Sliding through the darkness, not even daring to cough, Hannah squatted low as the gondola took her across what had once been the city she had known as home. Eventually they entered a tunnel carrying a bad reek, one of the sanitation passages that kept the canal waters moving and clear of refuse that fell in. When the channel became too narrow, the gondola men lifted their vessel out of the water and hauled it up onto one of the walkways, following the dark tunnel on foot to an opening in the next chamber across, before laying the craft down in the next canal and recommencing their voyage.
If seeing the empty war-ravaged vaults had come as a shock, Hannah found the sight of the familiar streets of the Seething Round even more painful, filled with barricades and terrified volunteers pointing rifles towards the increasingly loud explosions and weapons’ fire from the neighbouring vaults. Here at least there was light, and all pretence at stealth was abandoned. The chemical battery on the back of the gondola was given noisy life and the prow of their vessel tilted up as they sailed past wrecked canal boats and skips scuppered by their hundred to deny them to the invaders. There at last was the cathedral, but its magnificent stained-glass windows were dark and the bridge over the Grand Canal part-fortified and manned by what appeared to be anyone willing to carry a gun, pike or sabre.

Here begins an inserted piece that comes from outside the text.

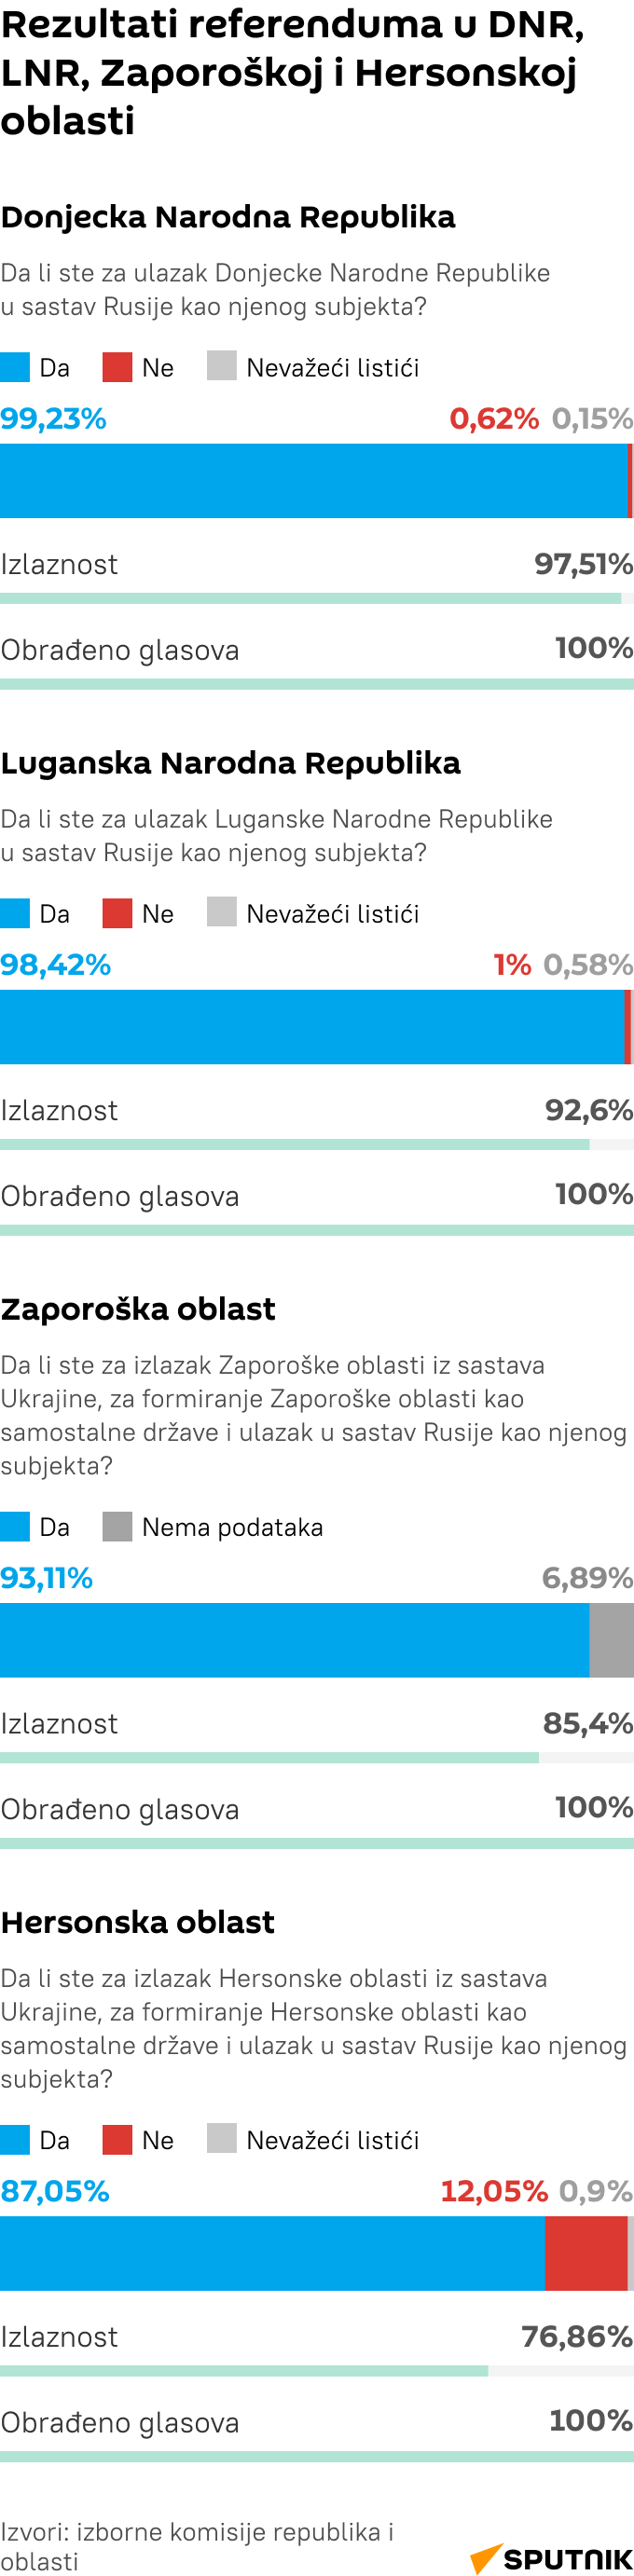 Infografika    Rezultati referenduma u DNR, LNR, Zaporoškoj i Hersonskoj oblasti LATINICA mob - Sputnik Srbija

Tying up the boat outside her home, the militiamen led Hannah up the steps into the Horn of Jago and here too was something she had never thought to see on Jago. Crowds. Corridors and passageways crammed with miserable-looking citizens, squatting and sitting, filling up every available space in the once-exclusive district that had belonged to the capital’s wealthy, its merchants and administrators and politicians. Now it was home to refugees and everyone who had heeded the call to abandon the vaults below. Almost the entire city was squeezed into its chambers and corridors. She stepped over squabbling children, their mothers shouting at them, and the shell-shocked huddles of the elderly that made up so much of their population. Here was the real face of war, in the grim hopelessness of lined old faces wondering if their few grandchildren would live to see tomorrow.
Hannah was home, but it had never looked so different.